두 번째 연구에서는 소프트웨어 개발이 실시간으로 진행되는 깃허브 프로젝트 데이터를 활용하였고, 네트워크 분석을 통해 인공지능 기술을 도출하였으며 기술 매트리스를 제시하여 기술 유형을 분석하였다. 먼저 2013년부터 2019년까지 깃허브의 40,122개 인공지능 프로젝트 정보를 수집 후 데이터베이스를 구성하여 연도별 인공지능 프로젝트 생성 추이를 분석하였고, 그 중 참여 개발자 등을 바탕으로 224개의 주요 프로젝트를 선별하였다. 프로젝트에 참여하는 개발자 관계를 기반으로 네트워크를 구축하고 중심성 분석을 통해 인공지능 개발에서 영향력이 큰 프로젝트들을 밝혀냈다. 네트워크 클러스터링 기법을 적용하여 Computer Vision, AI Content Curation, AI Classifier, Machine Learning, Natural Language Processing, AutoML, Lightweight Deep Learning과 같은 7개의 인공지능 기술을 도출하였다. 특히 네트워크 분석 시 프로젝트 간 연관 관계를 분석하는데 개발자 커플링이라는 새로운 접근법을 제시하였다. 네트워크 클러스터링 분석으로 도출된 기술영역 중 Computer Vision이 가장 큰 비중을 차지했으며 AutoML, Lightweight Deep Learning 같은 신기술이 활발하게 개발되고 있음을 확인하였다. 또한 스타(star)와 커밋(commit) 수를 기준으로 인공지능 기술 매트릭스를 구성하고 프로젝트와 기술을 Hot, Maniac, Potential, Mature/Untouchable와 같은 4개의 유형으로 나누어 분석하였다. Hot 유형에서는 Computer Vision과 Natural Language Processing이 인기도 많고 활발하게 개발되는 기술들로 확인되었으며, 이 기술들은 자율주행, 인공지능 비서 등 인기 있는 제품과 서비스에서 많이 활용됨을 알 수 있었다. 인기와 무관하게 개발자 참여가 높은 Maniac 유형에는 Machine Learning, Lightweight Deep Learning이 나타났는데 Google, Intel, IBM 등 기업 프로젝트가 중심에 있었다. 성숙단계에 접어들었거나 수준 높은 기술 유형인 Mature 또는 Untouchable 유형에는 AI Content Curation, AI Classifier, AutoML 기술이 높게 나타났다. 그리고 잠재적 성장 가능성이 많은 Potential 유형에는 여러 인공지능 기술이 높게 나타나 인공지능에 대한 다양한 기술 개발이 이루어지고 있음을 알 수 있었다.

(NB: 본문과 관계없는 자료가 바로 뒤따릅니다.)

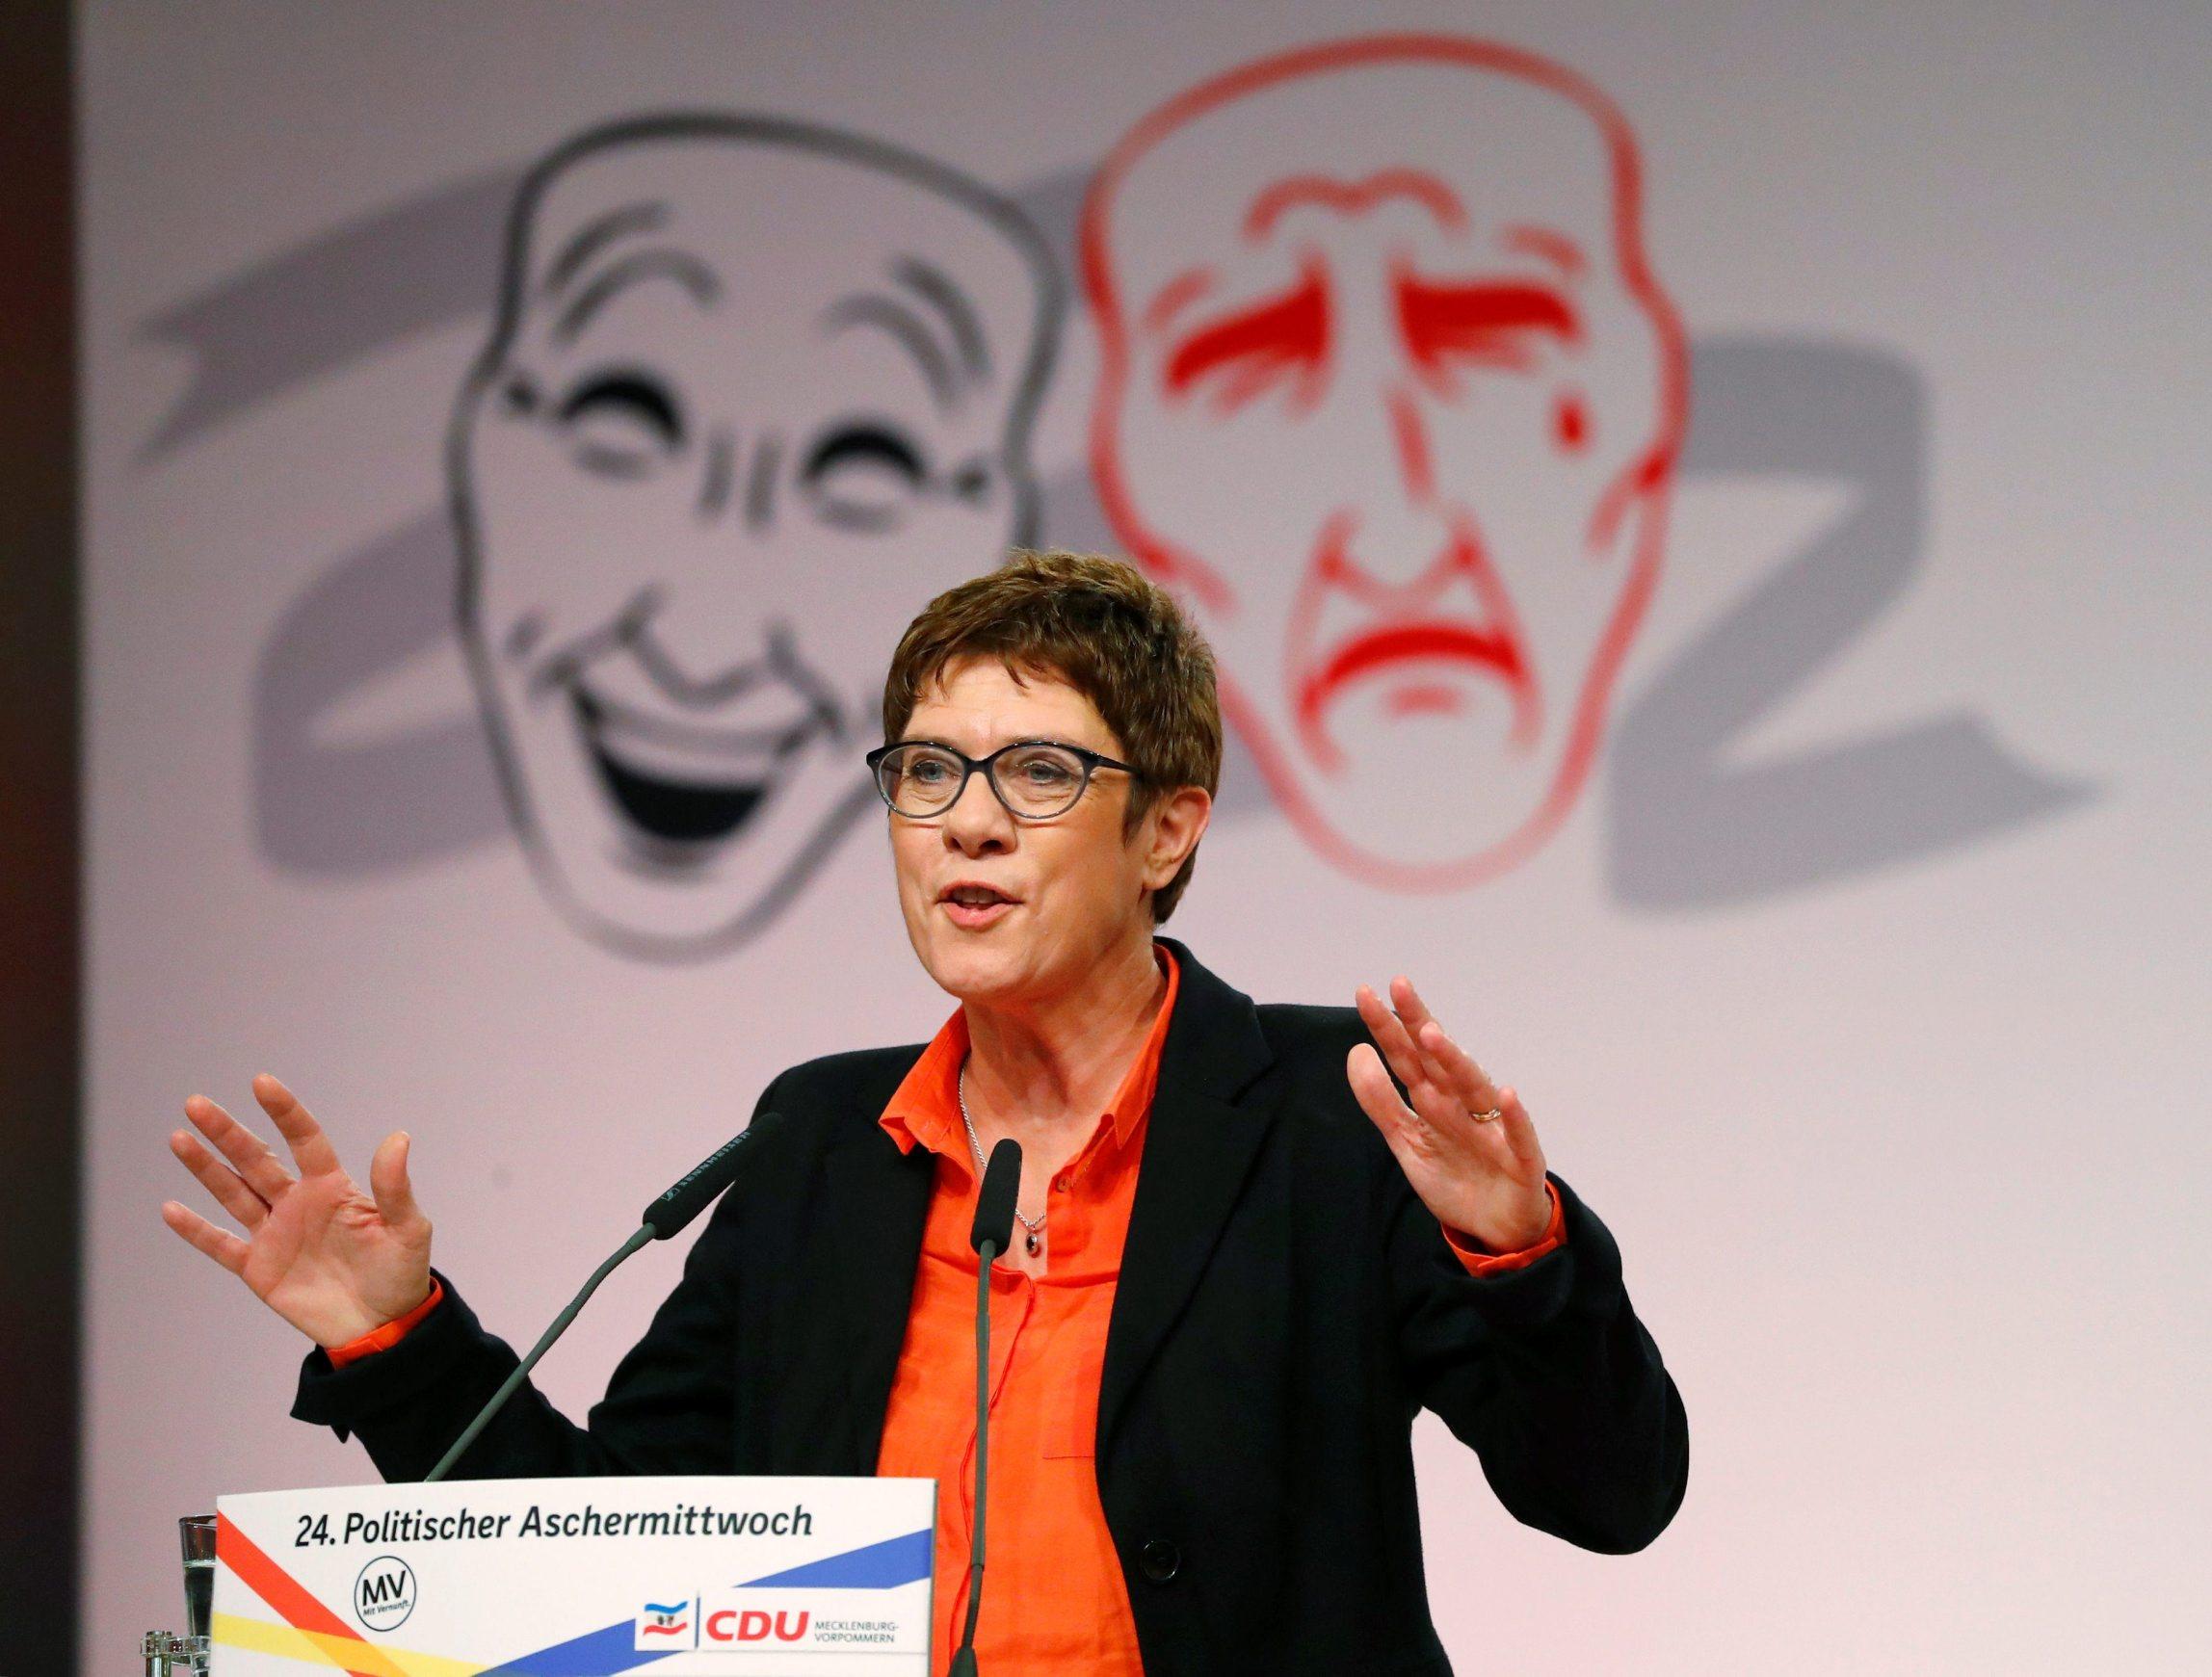 Annegret Kramp-Karrenbauer, predsjednica CDU-a, održala je tradicionalni politički govor na Pepelnicu

본 논문에서 활용된 데이터 기반의 토픽 모델링과 네트워크 분석 등의 연구 방법은 인공지능 기술 구조와 연구개발 동향을 실증적으로 분석할 수 있는 접근법을 제시했다. 또한 이번 연구에서 수행한 데이터 기반의 기업 기술역량 분석과 기술 매트릭스를 통한 기술 유형 분석 등은 기업의 인공지능 기술 전략 수립뿐만 아니라 국가 차원의 인공지능 연구정책 수립에 유용하게 활용될 수 있을 것으로 기대된다.

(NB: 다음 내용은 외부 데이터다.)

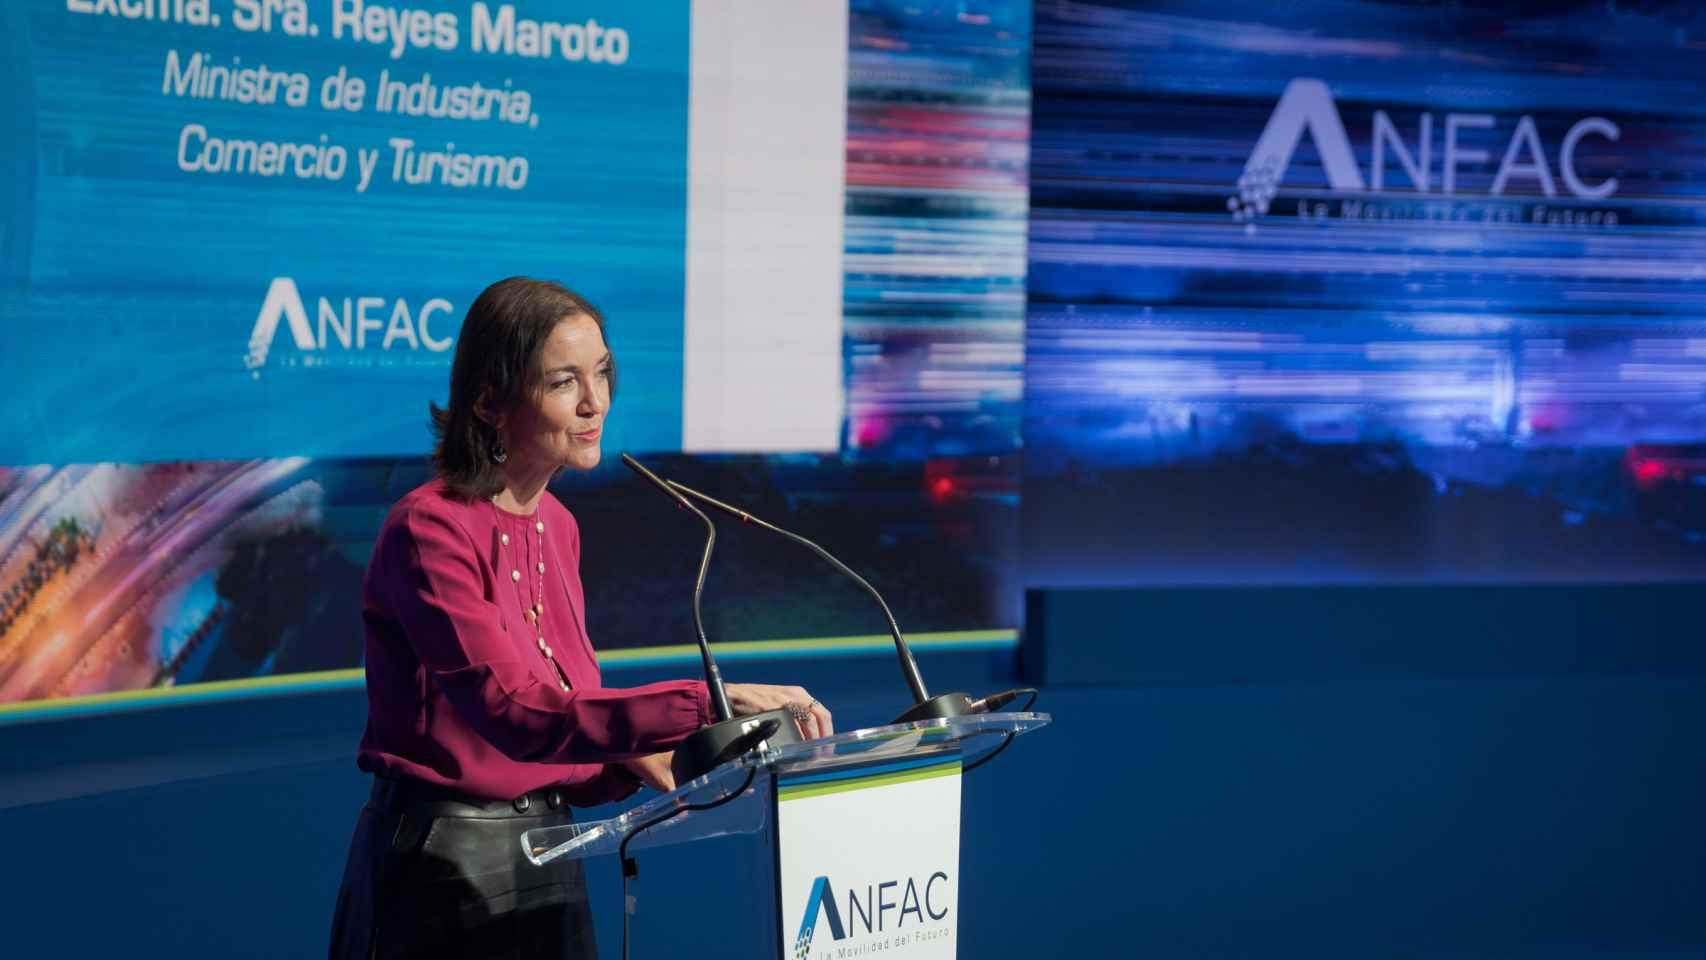 La ministra de Industria, Reyes Maroto, durante un evento de ANFAC.

Since John McCarthy first used the term “artificial intelligence (AI)” in 1955, this type of technology has rapidly developed alongside advancements in computers, and it currently has a significant influence on industry and human life. AI, a core technology that will lead the future of mankind, is developing in parallel with various industries and is attracting attention as a key growth engine for companies. Globally, industries and countries are intensively investing in research and development (R&D) to secure AI technology and increase their technological capabilities. This has led to a fiercely competitive market of AI products and services.
Accordingly, interest in recently developed practical AI technology is increasing worldwide. Various analyses of AI technology have been conducted, and several studies have adopted a qualitative approach in this regard; however, such an approach has a limitation that it depends only on the subjective opinions of the researcher. Conversely, quantitative studies based on theory and patent data have experienced difficulties in reflecting new and ongoing AI technology. This is because papers and patents take a long time in getting published and registered. As such, there is a limit in sufficiently reflecting the AI technology that has changed in a short period of time. In addition, many AI technology studies identified only overall technology trends, while detailed analyses by company or technology have not been conducted.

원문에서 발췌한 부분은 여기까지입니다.